Summary: offline CPU burns more power than idle CPU
Product: ACPI Reporter: Shaohua (shaohua.li)
Component: Power-ProcessorAssignee: Shaohua (shaohua.li)
Status: CLOSED PATCH_ALREADY_AVAILABLE    
Severity: blocking CC: a.p.zijlstra, aagaande, abhirana, acpi-bugzilla, alan, holger, hpa, lenb, mozilla_bugs, rui.zhang, trenn, venki
Priority: P2    
Hardware: i386   
OS: Linux   
Kernel Version: 2.6.32 Subsystem:
Regression: No Bisected commit-id:
Attachments: patch vs 2.6.36.y
patch vs 2.6.36.y
patch vs 2.6.35.y
patch vs 2.6.32.y

Description Shaohua 2005-10-19 22:51:59 UTC
In HT or multi-core system, suppose one sibiling is hot removed and the other 
sibiling is still running.
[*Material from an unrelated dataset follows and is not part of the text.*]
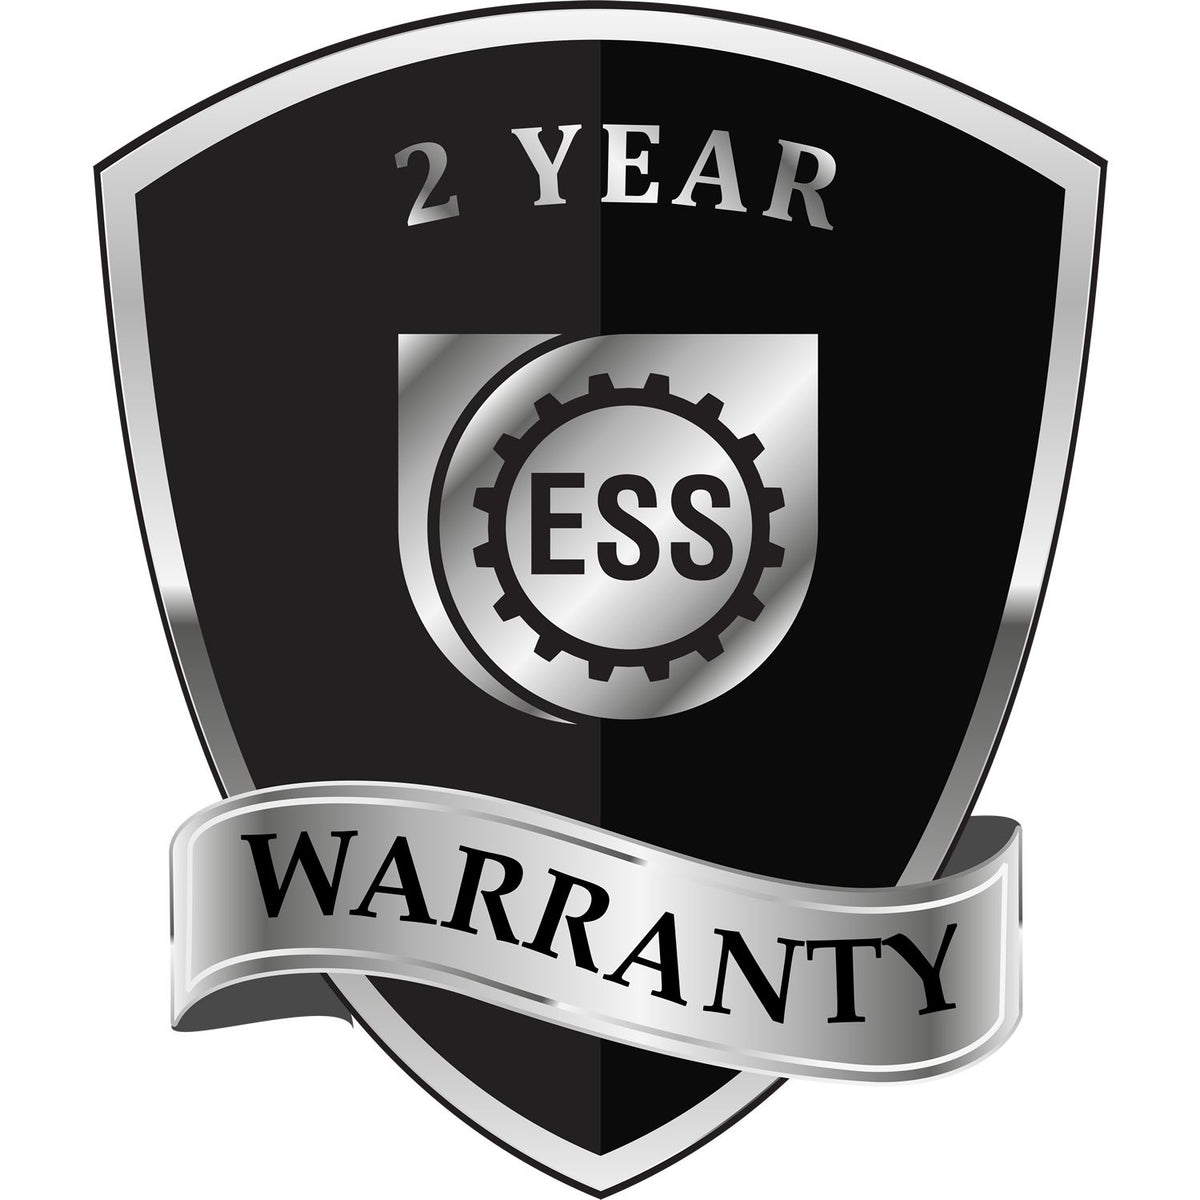 A badge or emblem showing a warranty icon for the Handheld Montana Land Surveyor Seal

If the two cores/sibilings share C-state/P-state 
logic (it requires specific coordination), it's possible the online 
sibiling/core can't go to deeper C-state/P-state because its sibiling is 
offline.
Comment 1 Len Brown 2005-10-27 18:22:32 UTC
For HW coordinated C-states:

The CPU that was taken logically off-line must
enter the deepest power saving C-state.  Currently
it executes the HALT instruction, which will prevent
the entire package from going deeper than C1 --
even if the awake peer in the package requests it.

Note, we don't have SW coordinated C-states on any systems today.
The P-state issues will be tracked outside this bug report.
Comment 2 Nick Craig-Wood 2007-04-10 09:19:21 UTC
This problem manifests itself on my laptop (T7200 processor, dual 2 GHz core2)
in the following way.  When a cpu is hot unplugged the power usage goes up by
200 mA (14%) rather than go down.  So paradoxically for maximum battery life it
is best to keep both CPUs in the core2 package running.
Comment 3 Alan 2009-03-24 07:56:45 UTC
Closing old stale bugs. If this is still a problem please re-open
Comment 4 Len Brown 2009-03-24 14:03:45 UTC
re-opened
Comment 5 Abhishek J 2010-01-21 03:01:37 UTC
I can attest this happening with i7 920 processor 

With the watts-up-pro wattmeter. on Evga x58 SLI-758 board with C6 state enabled and HT disabled.

Kernel tested - 2.6.30, 2.6.31, 2.6.32.3,

With all 4 cores running Wattmeter reading median 163 W
With     3 cores running Wattmeter reading median 168 W
With     2 cores running Wattmeter reading median 173 W
Comment 6 Thomas Renninger 2010-01-21 12:58:24 UTC
For reference:
There has been an unaccepted approach by Venki:
http://lkml.indiana.edu/hypermail/linux/kernel/0905.2/02692.html
Adding Venkatesh to CC list, should this one be assigned to you?
Comment 7 Abhishek J 2010-02-17 21:44:22 UTC
hello all, i finally got time around to patch and test this.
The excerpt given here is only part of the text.